╔══

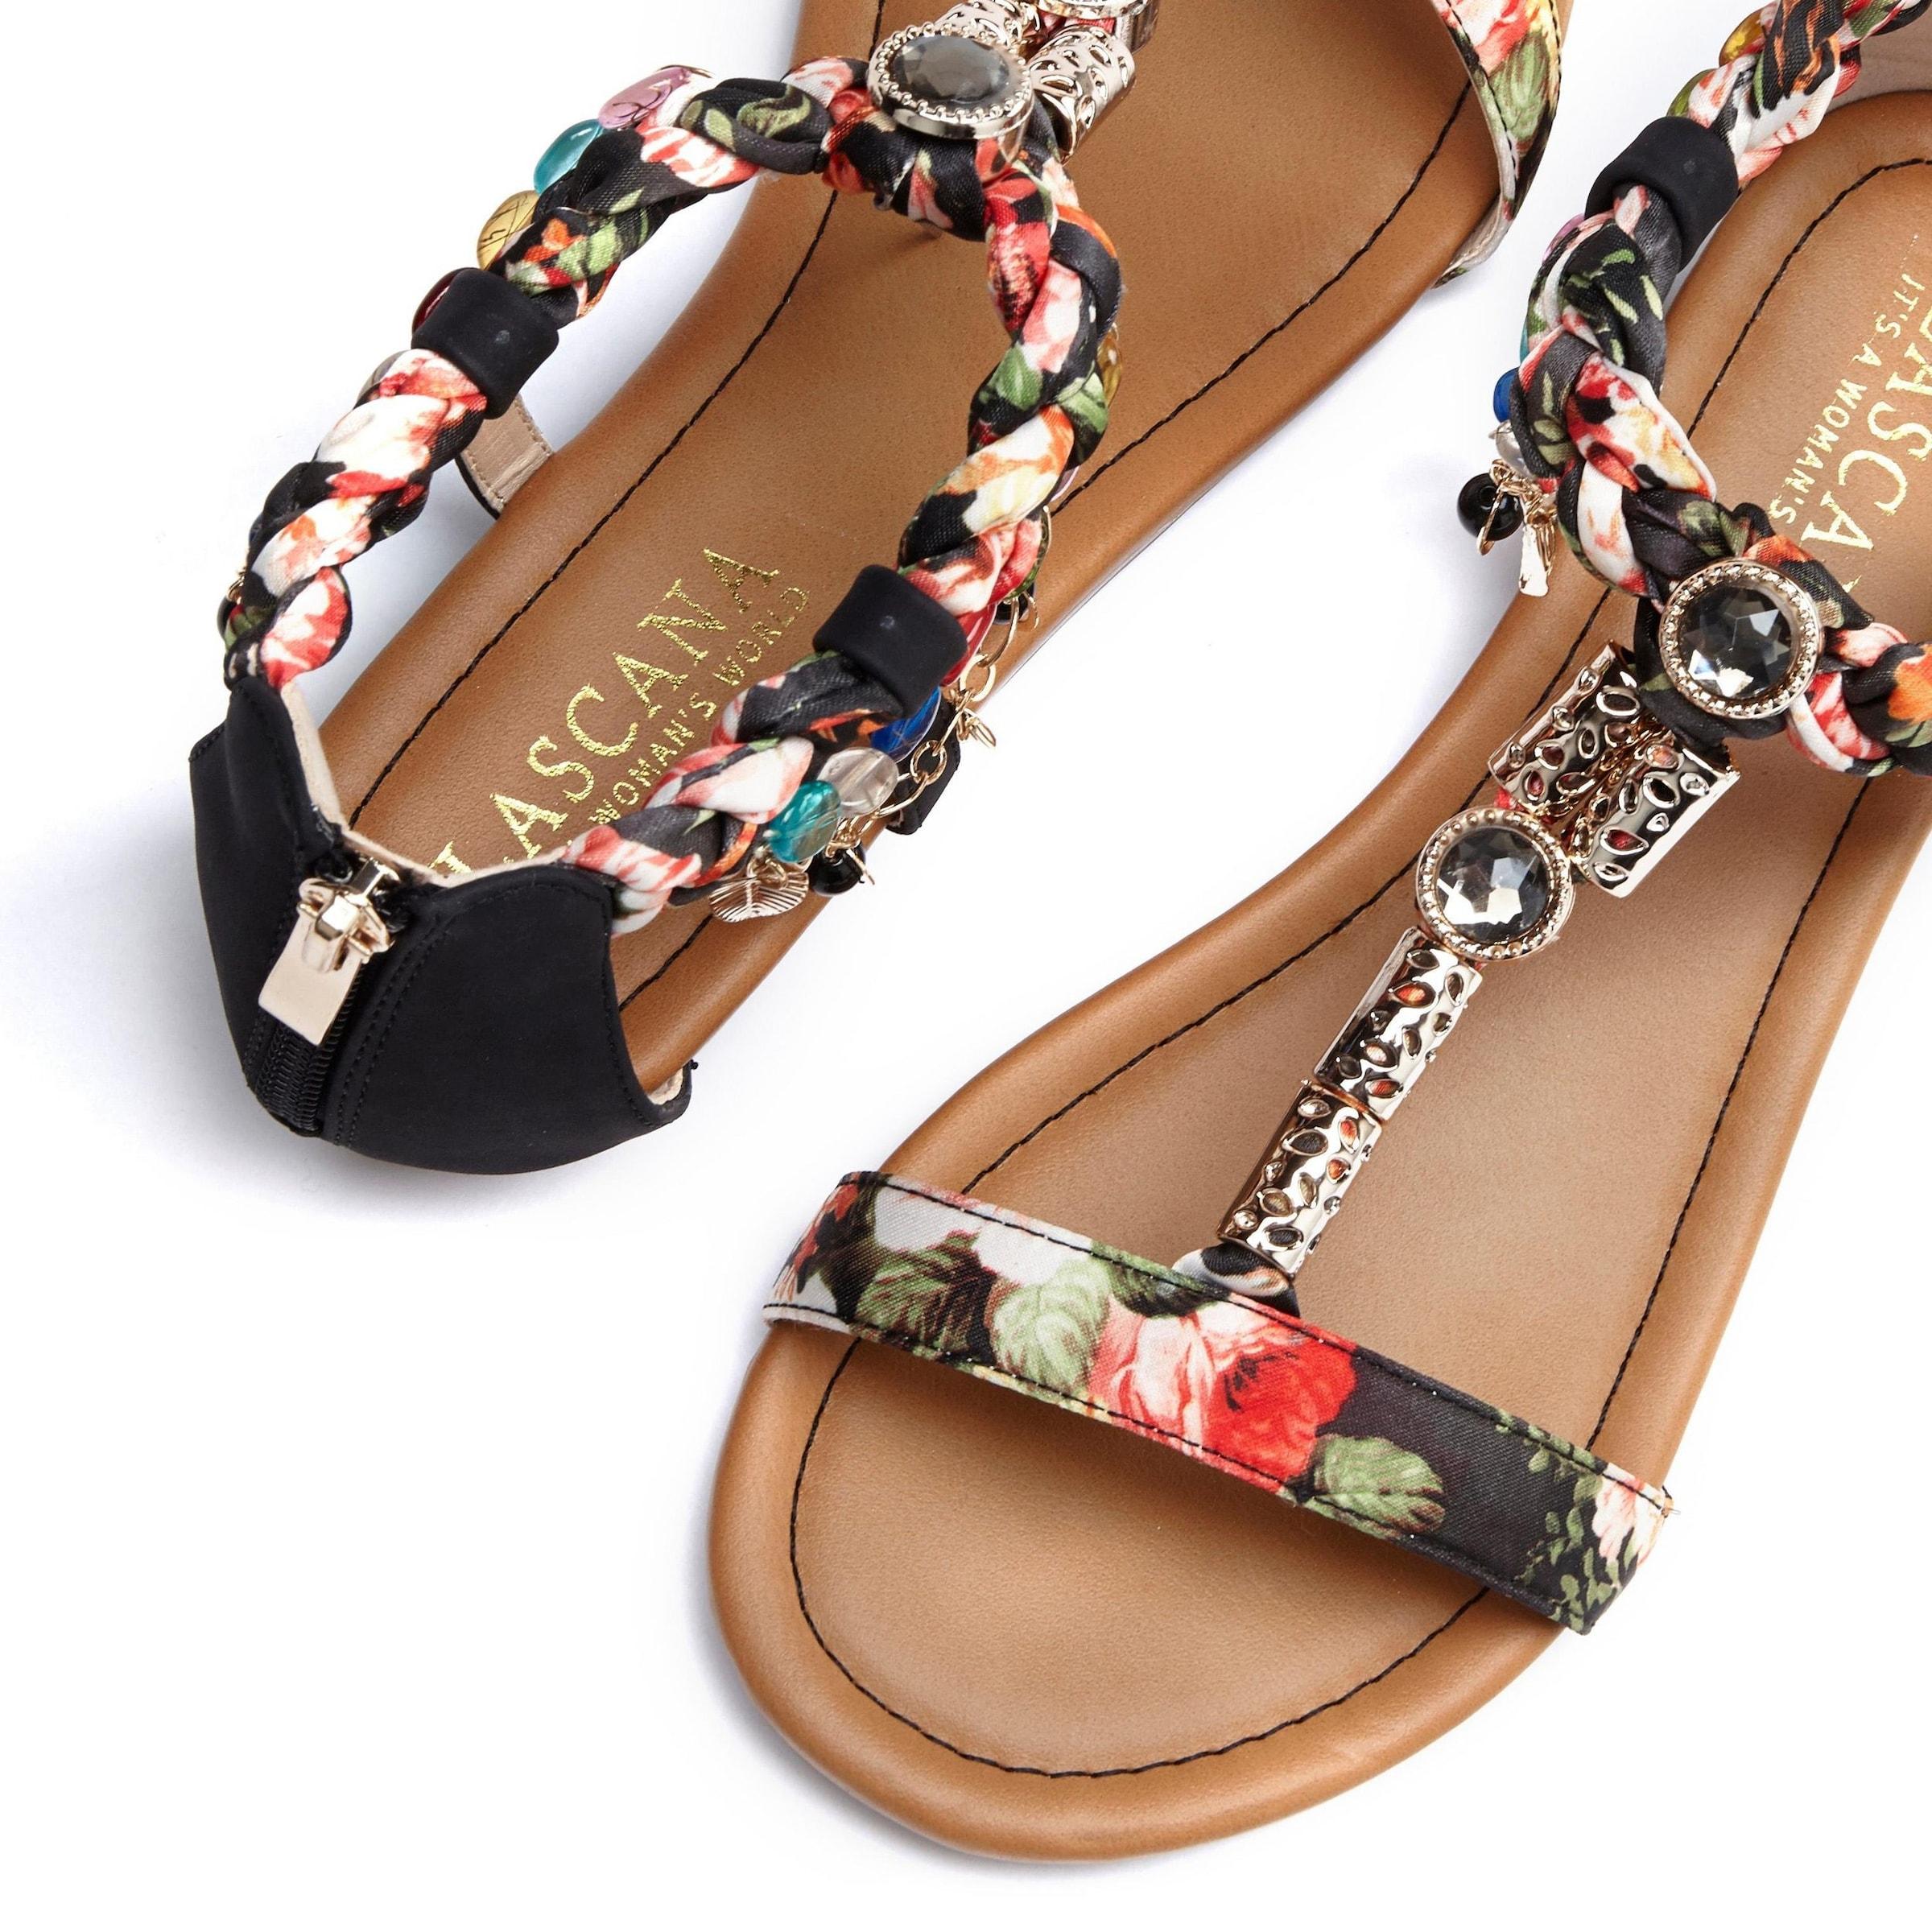 LASCANA Sandal i svart
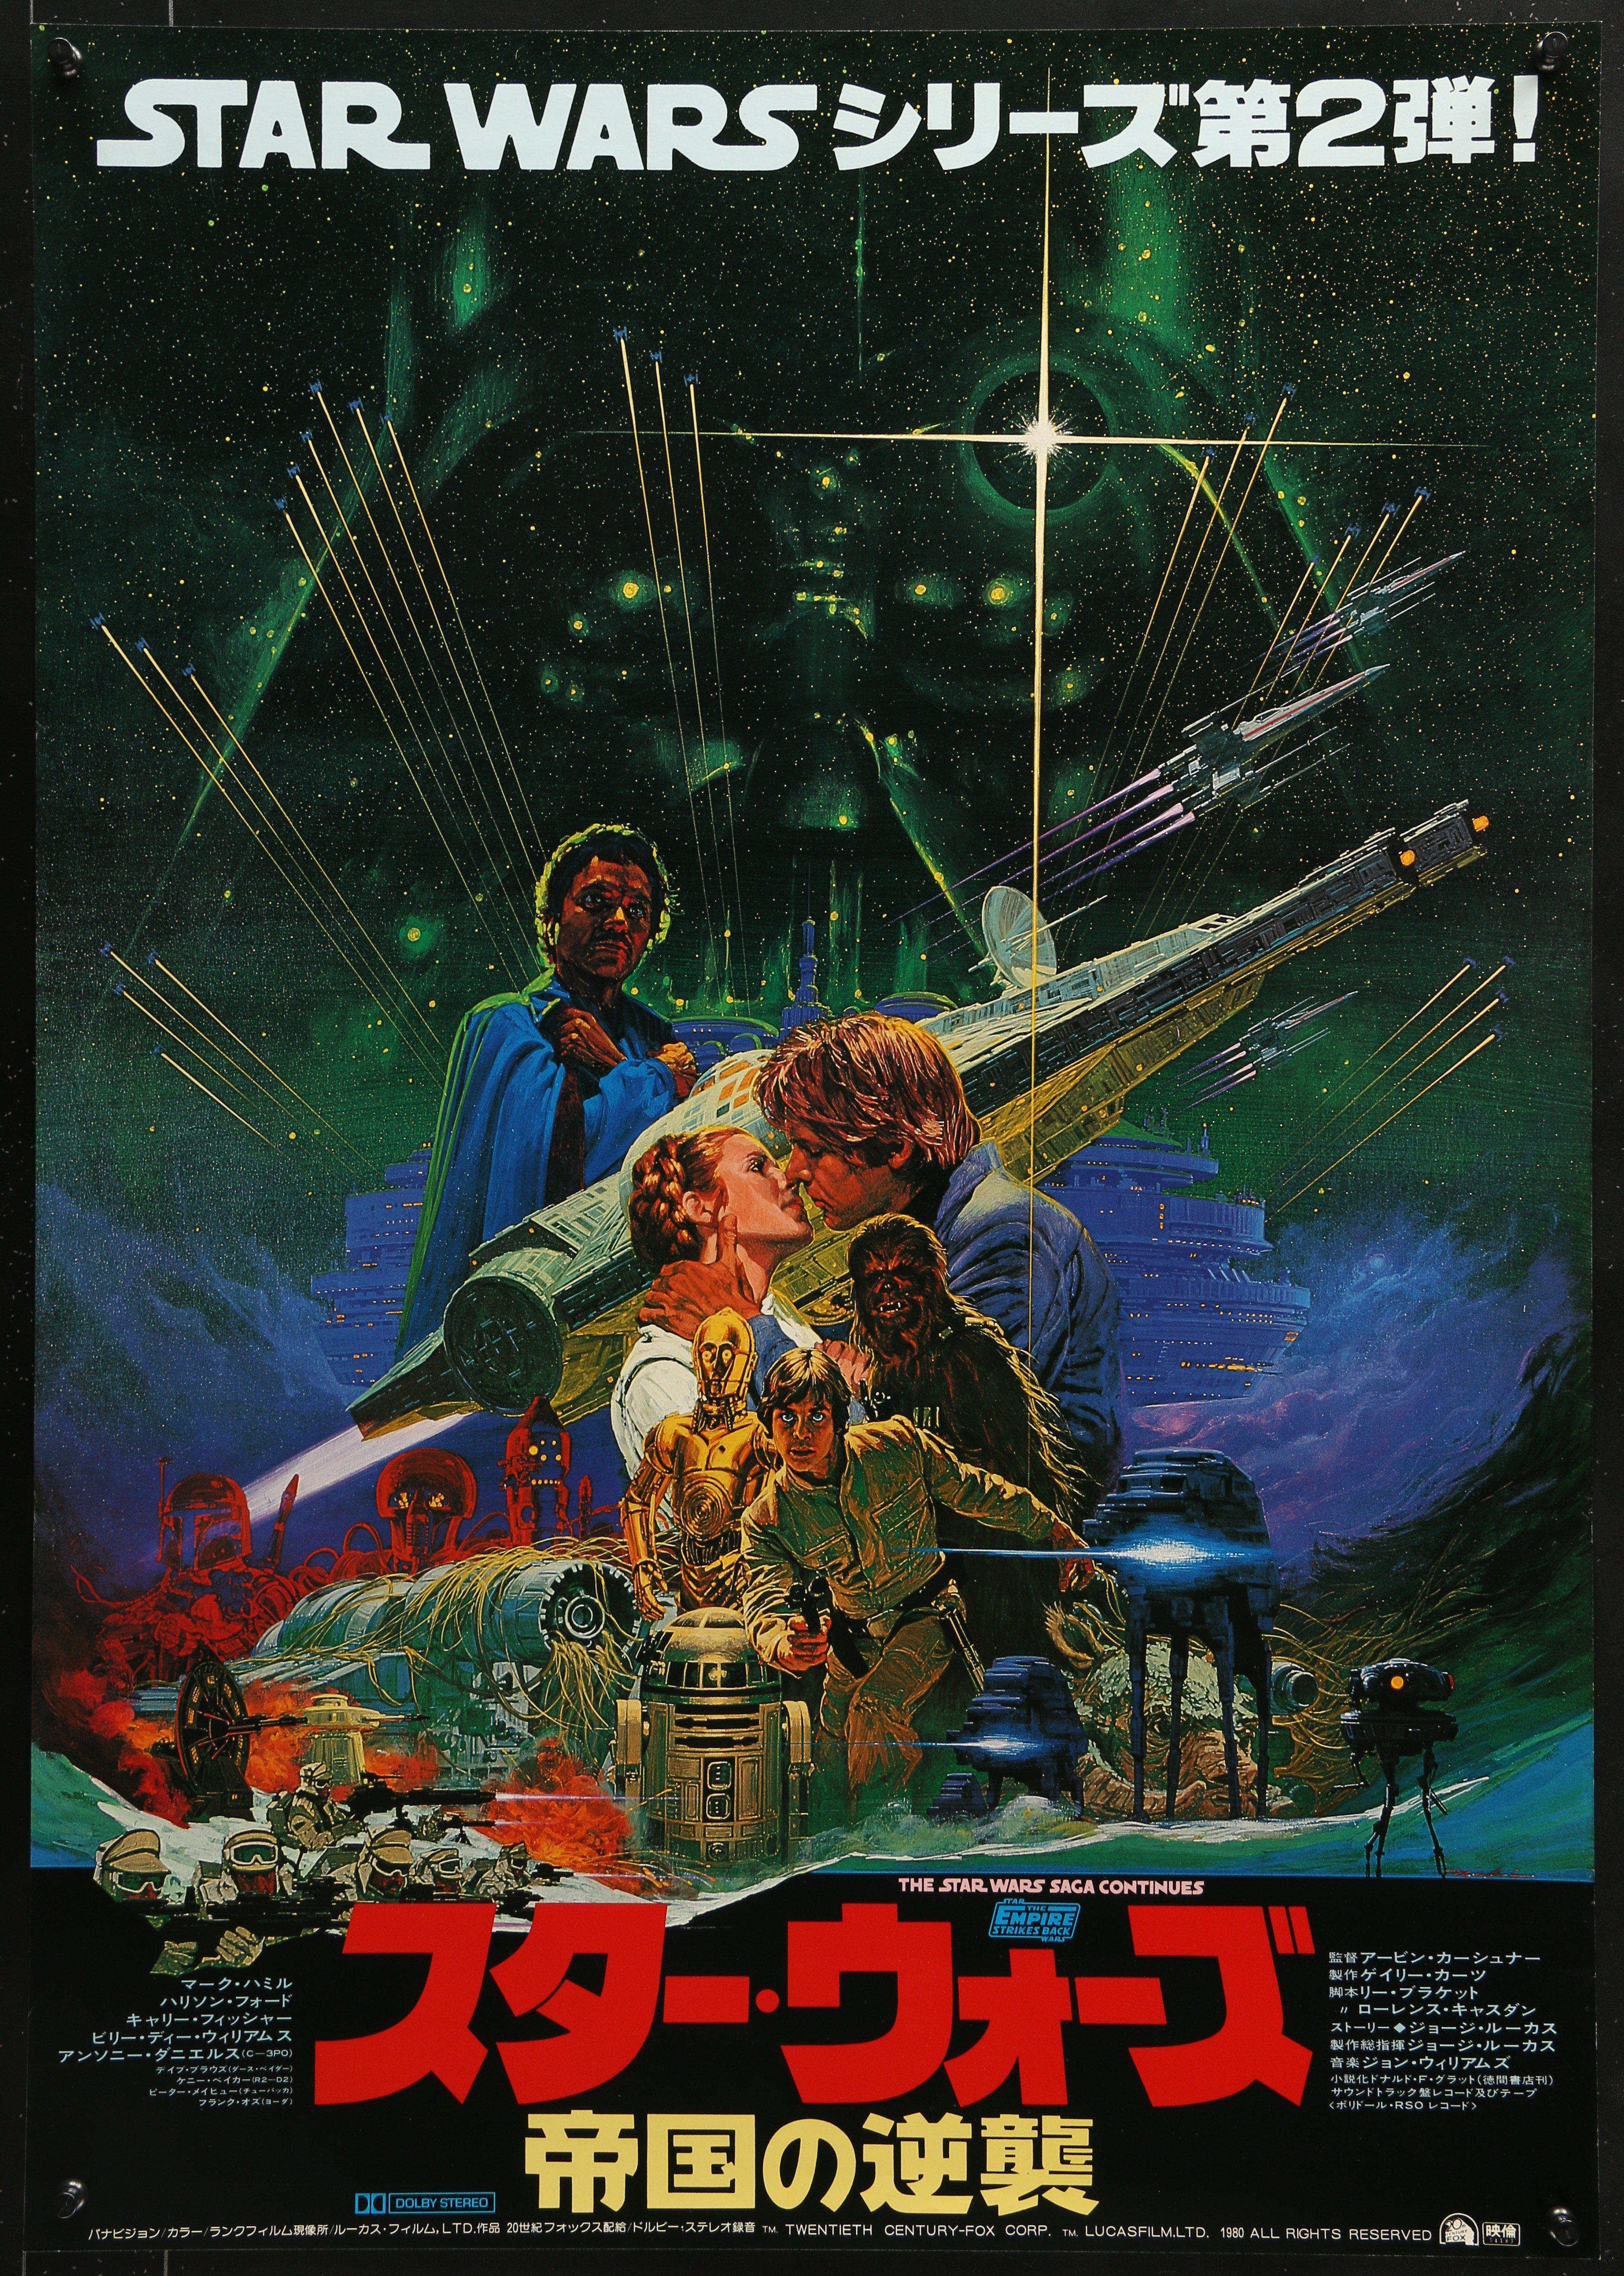 The Empire Strikes Back Japanese poster 2
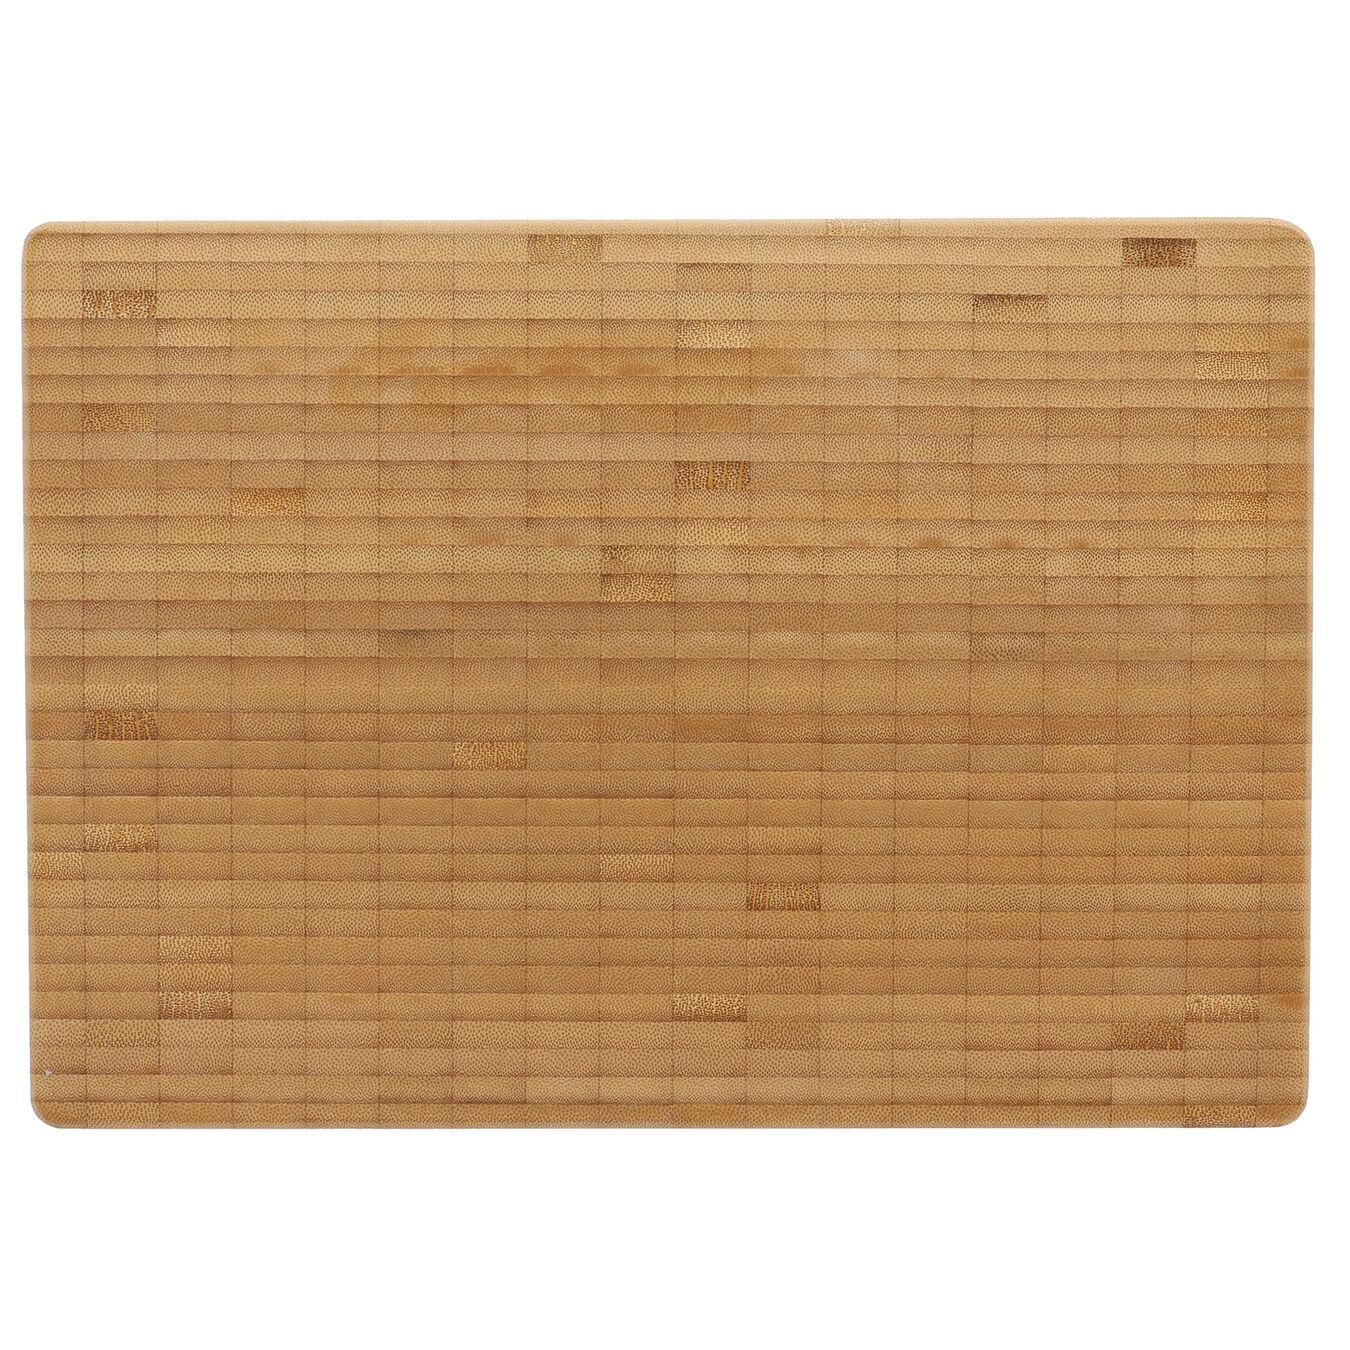 Tagliere - 36 cm x 25 cm, bamb,,large 6

╚══

◆ **Action item**
Restate the listing word for word and drop the pictures.

◆ **Expected output**
 LASCANA Sandal i svart
 The Empire Strikes Back Japanese poster 2
 Tagliere - 36 cm x 25 cm, bamb,,large 6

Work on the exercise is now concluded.